卫瑜然得到解禁,屈膝坐在地板上,正要揉揉发酸的手腕,没想到刚揉两下,手腕被人扯去,两只手在按摩着手腕,她愣了下,诧异望过去,周枭在替她揉手腕。
她就算是想抽也抽不出来,只能任由他按揉。
腕骨传来一阵接一阵的按揉,卫瑜然眸光怔怔停在面前一张丰神俊朗的面庞上,刚毅硬朗的下颌让她有些恍惚,面前的男人好像有些喜欢自己。
第44章 我周枭随你处置
周枭坐在她面前,支起一条腿,手肘搭在膝盖上,正给她细细揉着手腕。
许是想起了她方才被针刺到的指尖,他单独捏住那根手指,仔细观察,看到上面的针眼,一顿,剑眉拧紧,抬眼看她,“你绣一个荷包要被扎多少次?”

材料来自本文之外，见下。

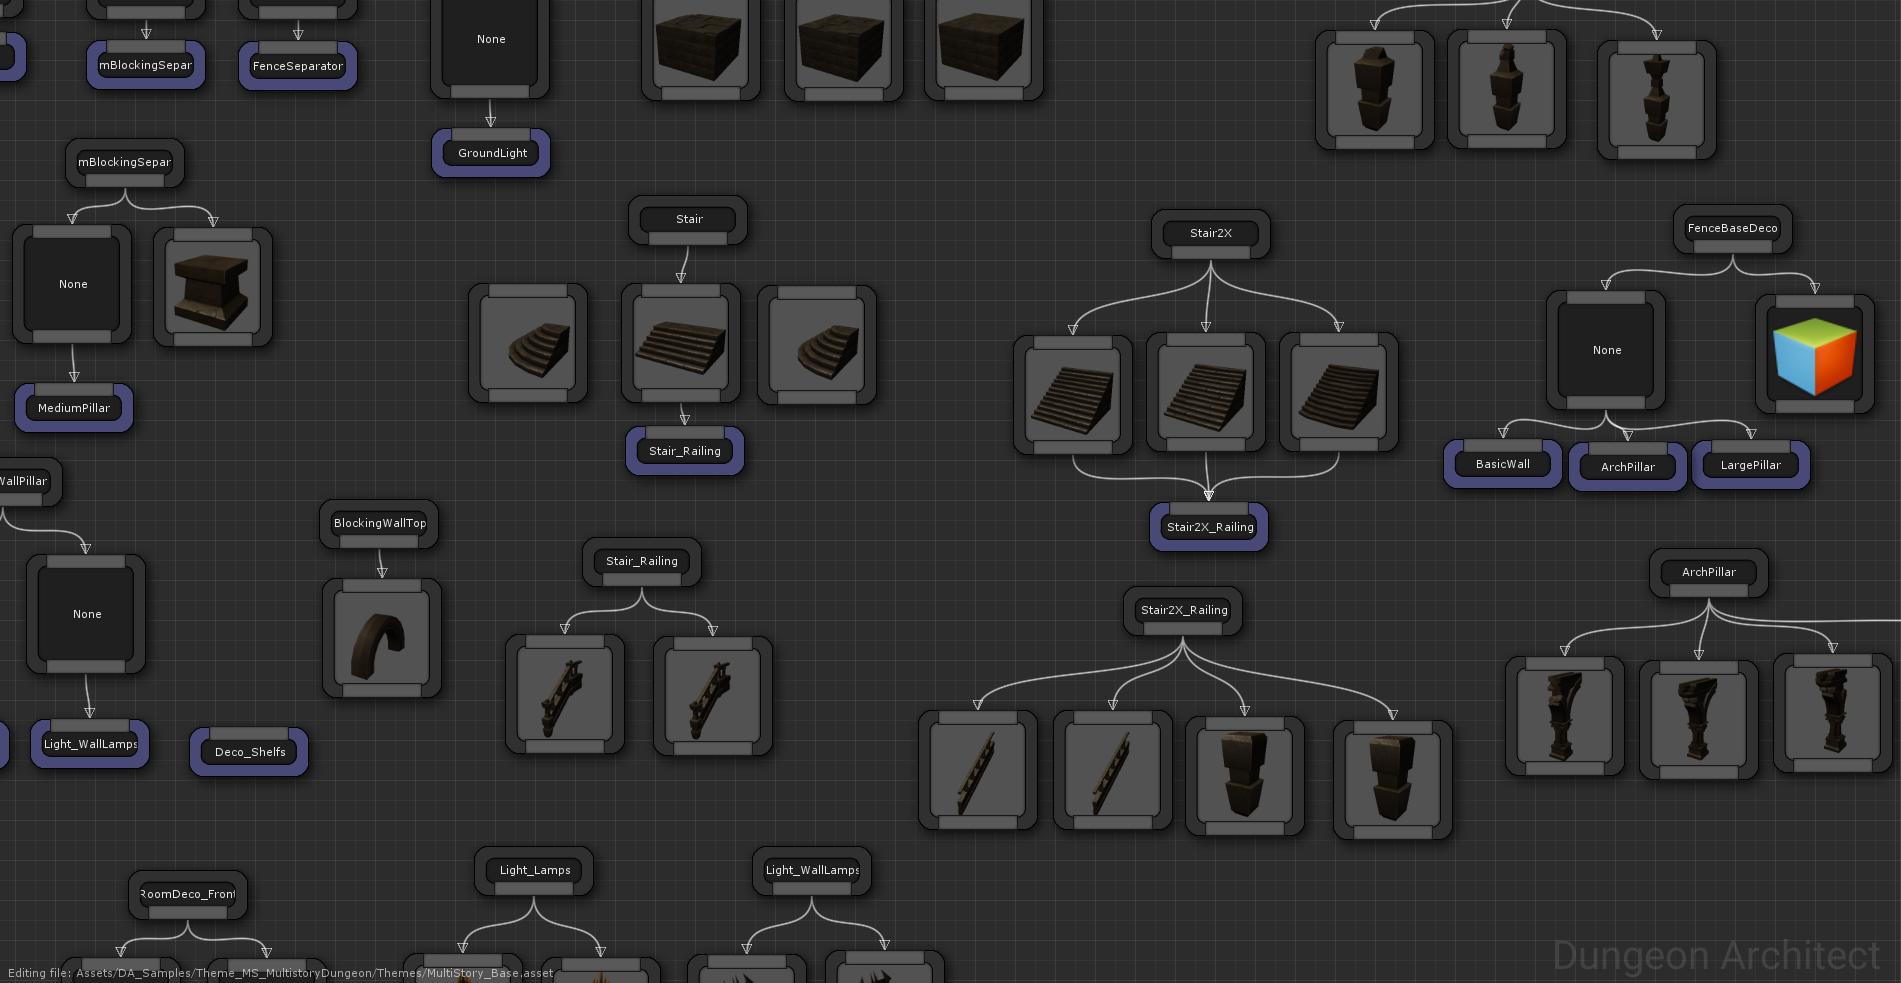 Dungeon Architect Quick Start Demos

这男人收敛了将军身上那股强悍野性气息后,反而变得温和起来,卫瑜然还在为方才冒出来的认知而心神混乱,这时他看过来,她下意识错开他视线,“……说不准。”
周枭看向一旁矮桌上的针线和布料,忽然间想起这个女人是帮她缝过衣服的,会不会也被针刺到过多次?
“那上次卫娘帮我缝衣服有没有被刺到?”
卫瑜然回想那次浣衣妇拜托她帮忙缝补,针线活哪有不刺伤的?她敢说没有哪个绣娘能保证从未被针刺到过。
她也不例外。
“……有。”她眸光看回他,忽然在某一瞬间回过神来,立马警惕他这份突如其来的关心,这人今晚可是为了道歉而来。
卫瑜然摸了摸脖子上的咬痕,脸色几变,“你休想让我给你缝荷包。”
周枭见她又防备起来,不待见自己,哑声失笑,“虽然我的确很想让卫娘帮我缝一个,可你这也太容易受伤了,还是算了吧。”
“你……”
卫瑜然狐疑瞧着他,却始终无法从他神情读出太多信息,无法判断这人到底想做什么,趁他不备把手抽出来,就着地板撑起身子站起。

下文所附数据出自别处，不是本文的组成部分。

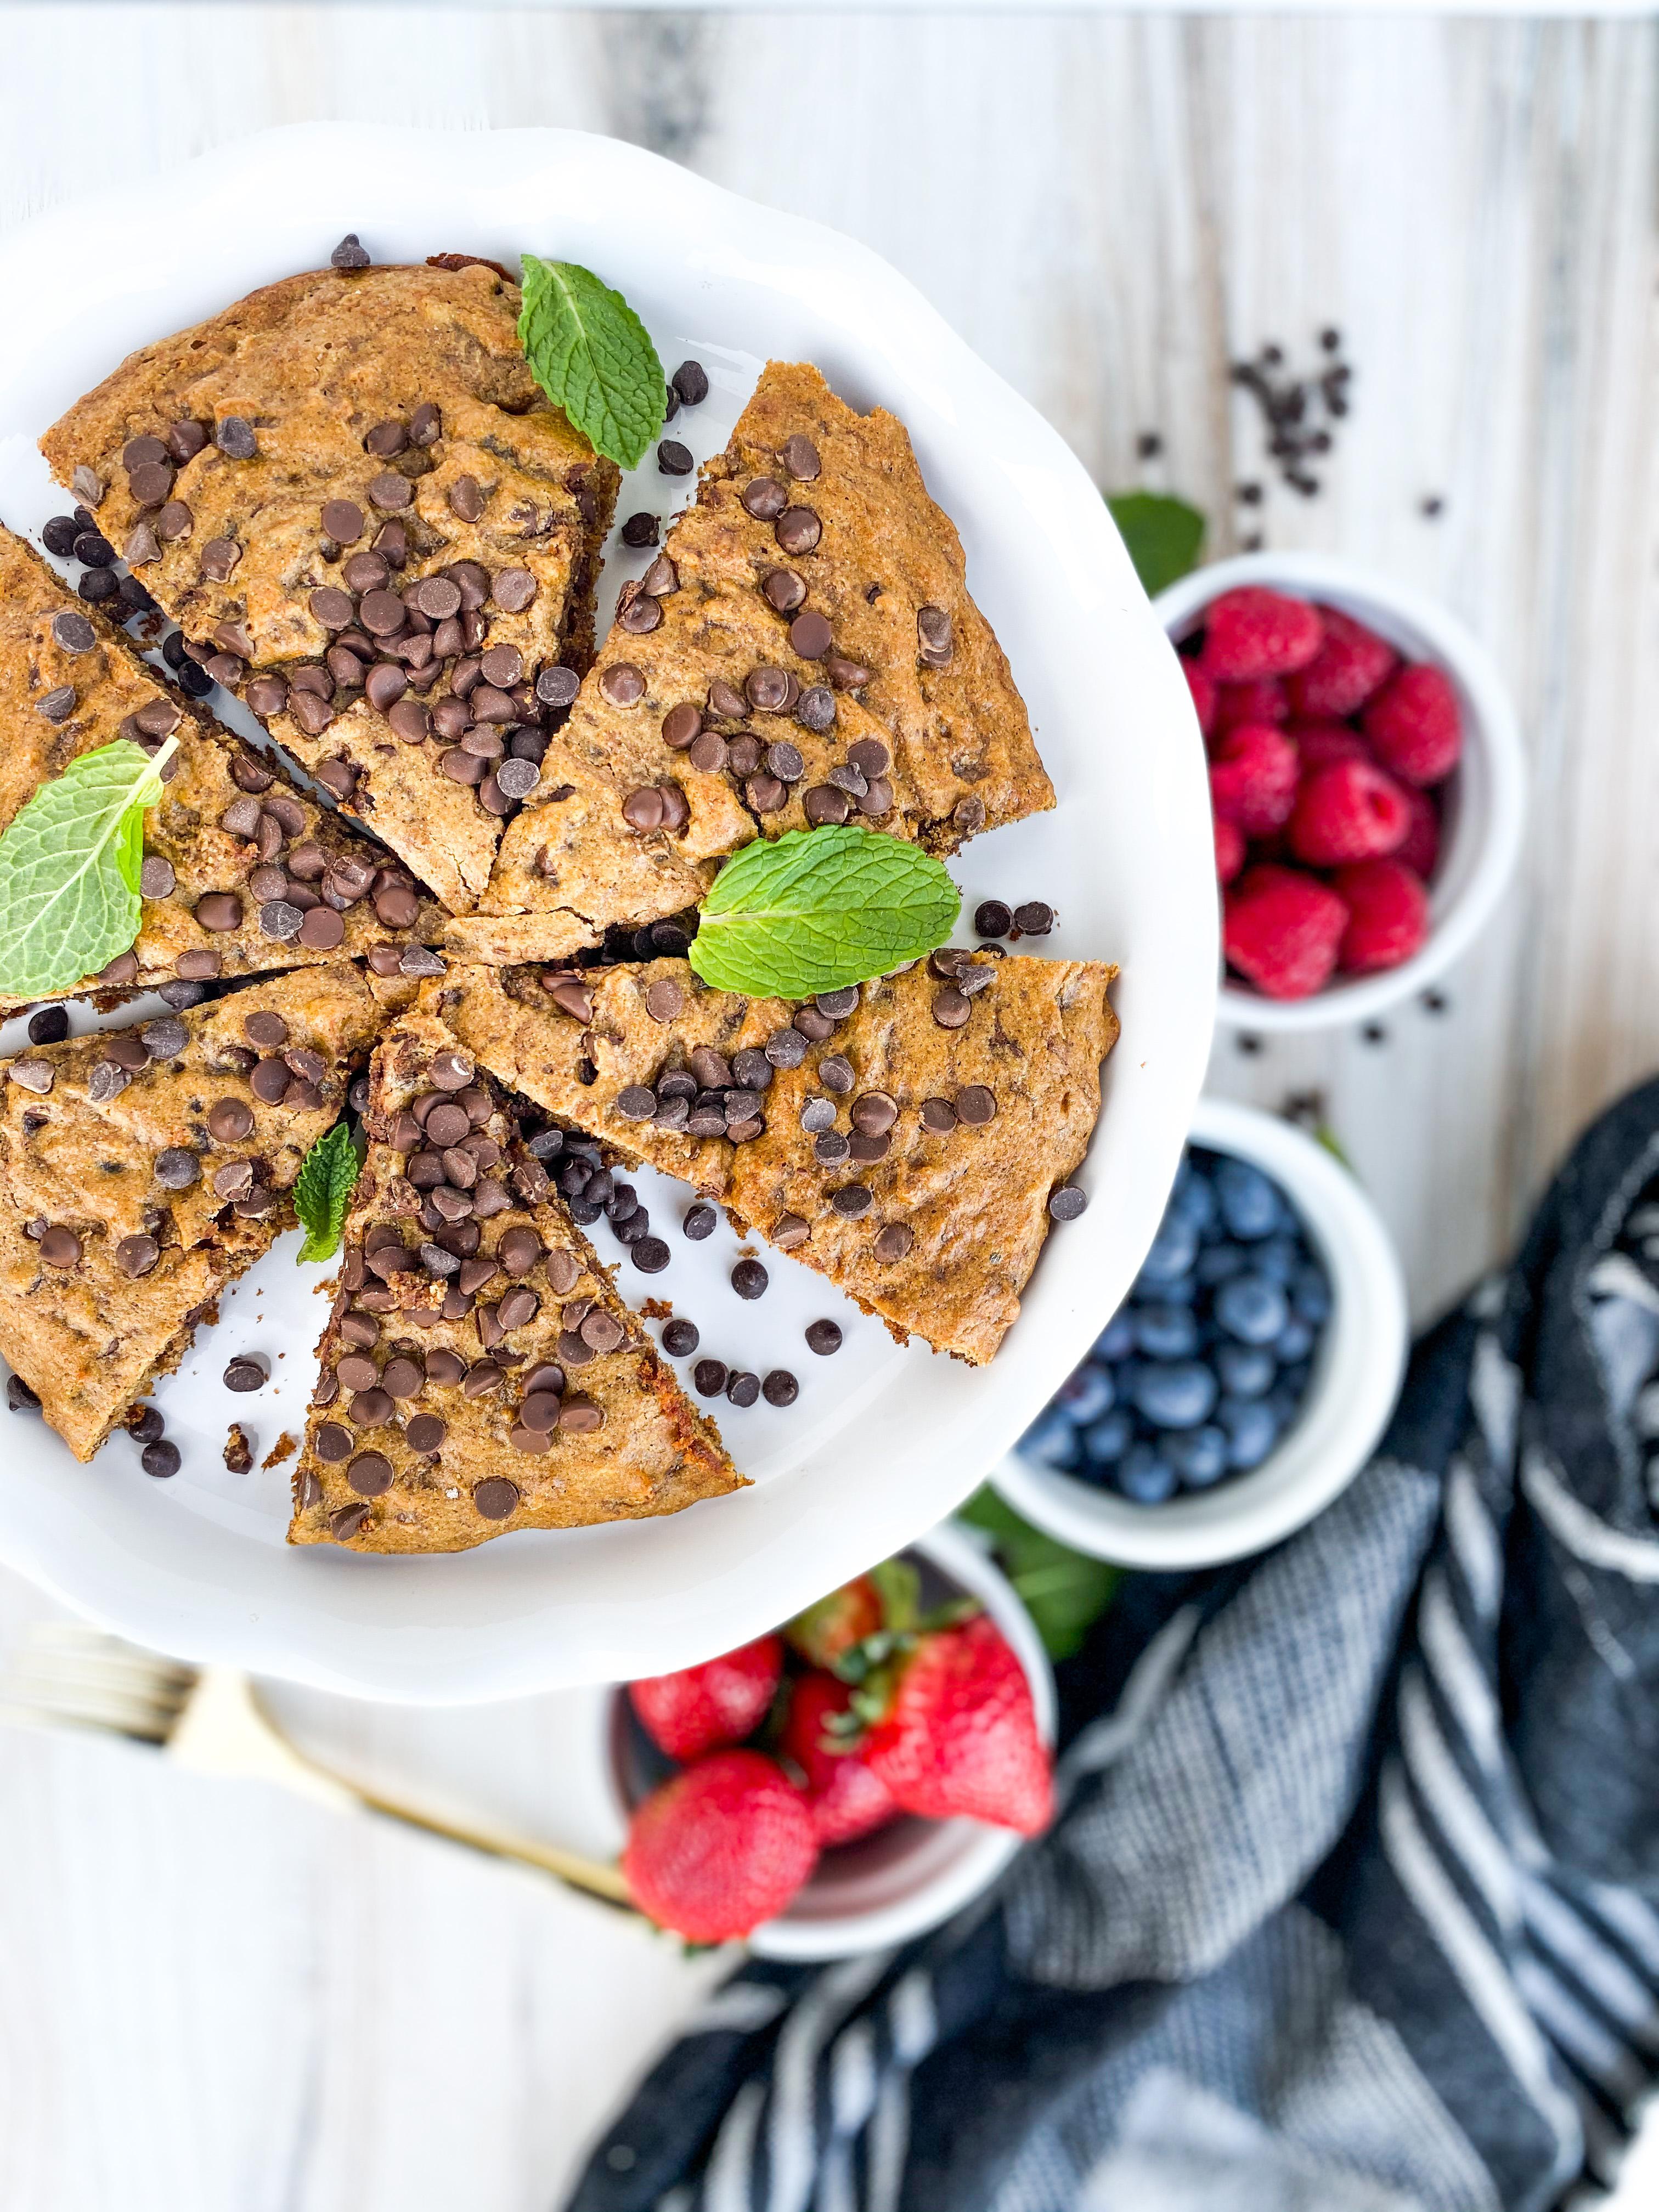 Skillet Almond Butter & Dark Chocolate Cookie

周枭瞥了眼空空如也的掌心,那份细腻每每溜走了总是让他好一阵失落,看到卫娘抚着脖子一侧,想起自己昨日干的混账事,挡在卫娘面前,举起自己的手。
“如果卫娘想发泄的话,我让你咬回来,行不行?”周枭看着面前刚到他胸口的女人,莫名想起她纤长鹅颈停留在唇齿间的那份别样触感。
他没记错的话,之前在马车里卫娘也有一次咬他脖子,咬得可用劲。
“我保证以后不会再咬你。”
卫瑜然看到面前筋骨凸显的手腕,硬邦邦的跟骨头一样,好一阵无言,“这难道就是你道歉的方式?”
让她咬回来?
到底是咬一块肉还是咬一块“骨头”,她还是能分得清楚的!
周枭目光不经意间描摹卫娘漂亮的脸蛋,放下手,沉声认真问:“卫娘想我怎么做?我都配合。”
末了,想了想,补充一句:“我周枭随你处置。”
这话说得好听,她能对他做出什么处置?就算有也就是小打小闹,完全没有效果,卫瑜然想走,但偏偏周枭挡在她面前。
“卫娘。”
卫瑜然火冒起,“周枭你烦不烦人?狗咬了我一口,我难道要咬回去?”
被骂了周枭也不生气,“你解气就好。”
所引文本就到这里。